Kuerer Henry M, Smith Benjamin D, Chavez-MacGregor Mariana, Albarracin Constance, Barcenas Carlos H, Santiago Lumarie, Edgerton Mary E, Rauch Gaiane M, Giordano Sharon H, Sahin Aysegul, Krishnamurthy Savitri, Woodward Wendy, Tripathy Debasish, Yang Wei T, Hunt Kelly K

机构信息

Department of Breast Surgical Oncology, The University of Texas MD Anderson Cancer Center, Houston, TX.

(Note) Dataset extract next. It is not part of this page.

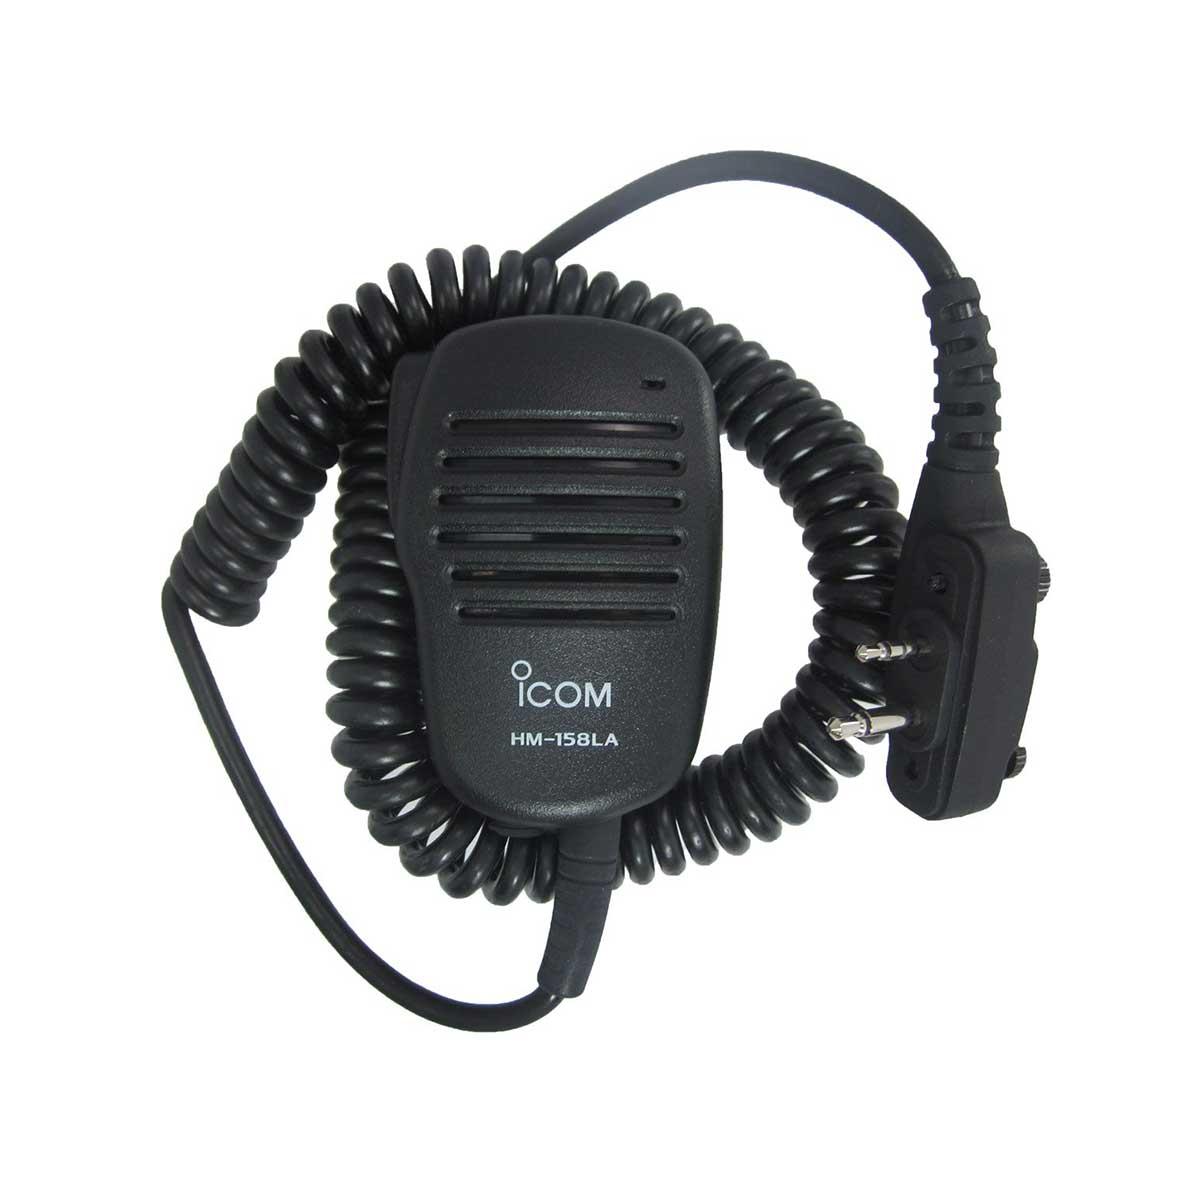 Micrófono Icom parlante de solapa HM-158LA

Department of Radiation Oncology, The University of Texas MD Anderson Cancer Center, Houston, TX.

出版信息

J Cancer. 2017 Aug 22;8(14):2653-2662. doi: 10.7150/jca.20871. eCollection 2017.

Abstract

Recent published guidelines suggest that adequate margins for DCIS should be ≥ 2 mm after breast conserving surgery followed by radiotherapy (RT). Many groups now use this guideline as an absolute indication for additional surgery. This article describes detailed multidisciplinary practices including extensive preoperative/intraoperative pathologic/histologic image-guided assessment of margins, offering some patients with small low/intermediate grade DCIS no RT, the use/magnitude of radiation boost tailoring to margin width, and endocrine therapy for ER-positive DCIS. Use of these protocols over the past 20-years has resulted in 10-year local recurrence rates below 5% for patients with negative margins < 2 mm who received RT. Patients with margins < 2 mm who do not receive RT experience significantly higher local failure rates. Thus, there is not an absolute need to achieve wider negative surgical margins when < 2 mm for patients treated with RT and this should be determined by the multidisciplinary team. Utilization of these multidisciplinary treatment protocols and techniques may not be exportable and extrapolated to all hospitals, breast programs and systems as they can be complex and resource intensive.

摘要

最近发布的指南建议,保乳手术联合放疗(RT)后,导管原位癌(DCIS)的切缘宽度应≥2mm。现在许多团队将该指南作为再次手术的绝对指征。本文描述了详细的多学科治疗方法,包括术前/术中对切缘进行广泛的病理/组织学图像引导评估,为一些低/中级别小灶DCIS患者不进行放疗,根据切缘宽度调整放疗增敏的使用/剂量,以及对雌激素受体(ER)阳性DCIS进行内分泌治疗。在过去20年中,对于切缘阴性且宽度<2mm并接受放疗的患者,采用这些方案后10年局部复发率低于5%。切缘宽度<2mm且未接受放疗的患者局部失败率显著更高。因此,对于接受放疗的患者,切缘宽度<2mm时并非绝对需要获得更宽的阴性手术切缘,这应由多学科团队来决定。这些多学科治疗方案和技术的应用可能无法推广至所有医院、乳腺治疗项目和医疗体系,因为它们可能复杂且资源密集。